So if you want to do 16 and 32 bit arithmetic in the same procedure all the
instructions with operands of one of the sizes has to be prefixed?  Do any
of the existing compilers do this?

Are there instuctions for 16->32 and vice versa conversions along the
lines of CBW?

Assuming 32 bit wide memory is there any unusual speed penalties for
particular instuctions with 16/32 bit operands, e.g. are shifts faster
with one particualr size?

mash@mips.UUCP (John Mashey) (07/05/87)

In article <1090@killer.UUCP> jfh@killer.UUCP (John Haugh) writes:
....on 386s getting into SUn-3 territory...
>I really don't know about the claim that the 386 is now in Sun territory.
>I just benchmarked a Plexus P/95 (Yes, I know the list price is up arround
>$100K) and it came out somewheres near 5200 Dhrystones at 20Mhz.  The
>25Mhz box we bought should be over 6000....
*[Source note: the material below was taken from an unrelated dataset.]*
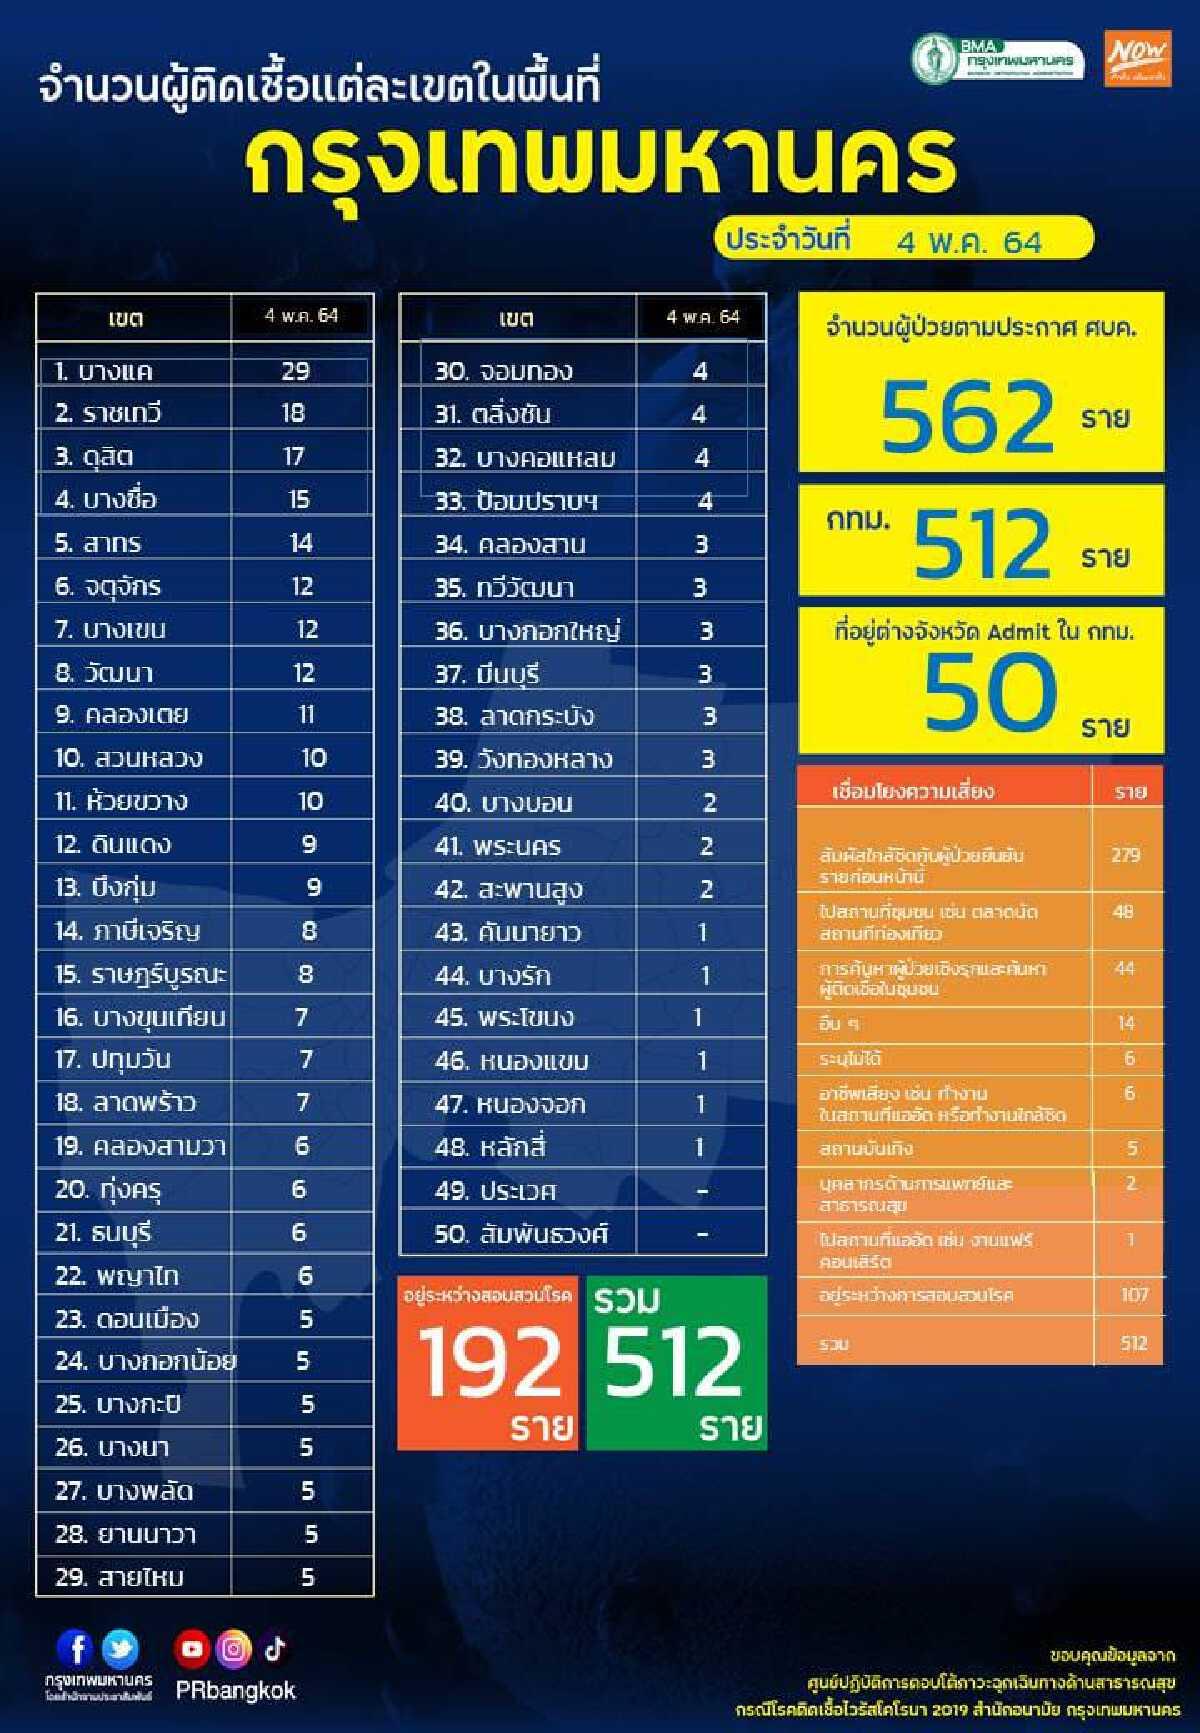 เช็กเลย 48 เขตกรุงเทพฯ ที่มีผู้ป่วยโควิด-19 และแถวไหนติดเชื้อเยอะสุด
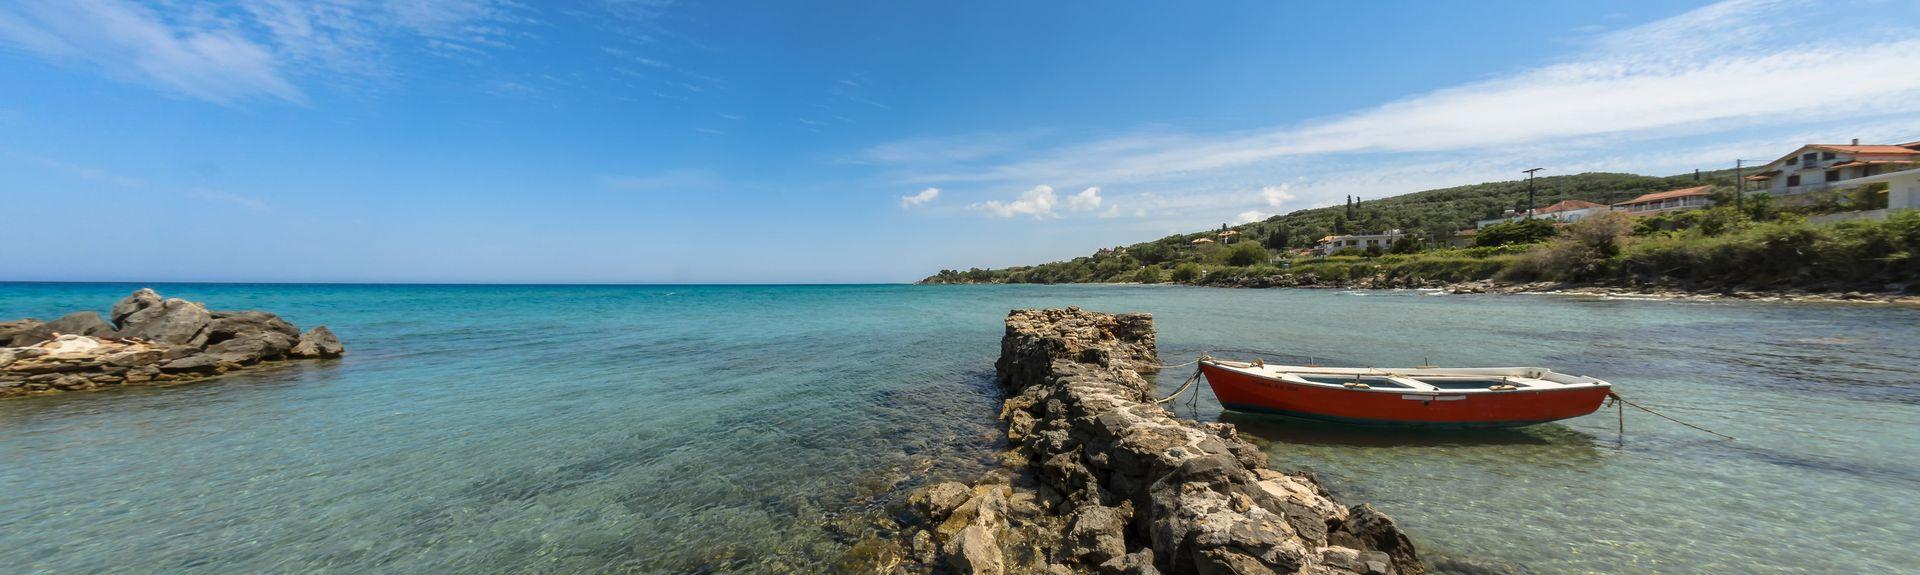 Strand van Arkoudi, Pineios, West-Griekenland, Griekenland

>And just for kicks, I bounced this into comp.arch where it might be
>interesting for all of those RISC'y people to see ...

Hmmm.  You might want to read Rick's current Dhrystone lists.

I realize my login machine does only a "wimpy" 10-12K Dhrystones,
but I've got terminal sessions going on this instant on RISC micros
that do 18-22K Dhrystones, and they are NOT wimpy [about 5 minutes CPU
time and <13 minutes real time for full 4.3+NFS kernel build from scratch.
This is slower than the Amdahl "3 minutes".]
SunRise / SPARC /Sun-4 should be announced this week,
and they ought to be over 20K Dhrystones, too.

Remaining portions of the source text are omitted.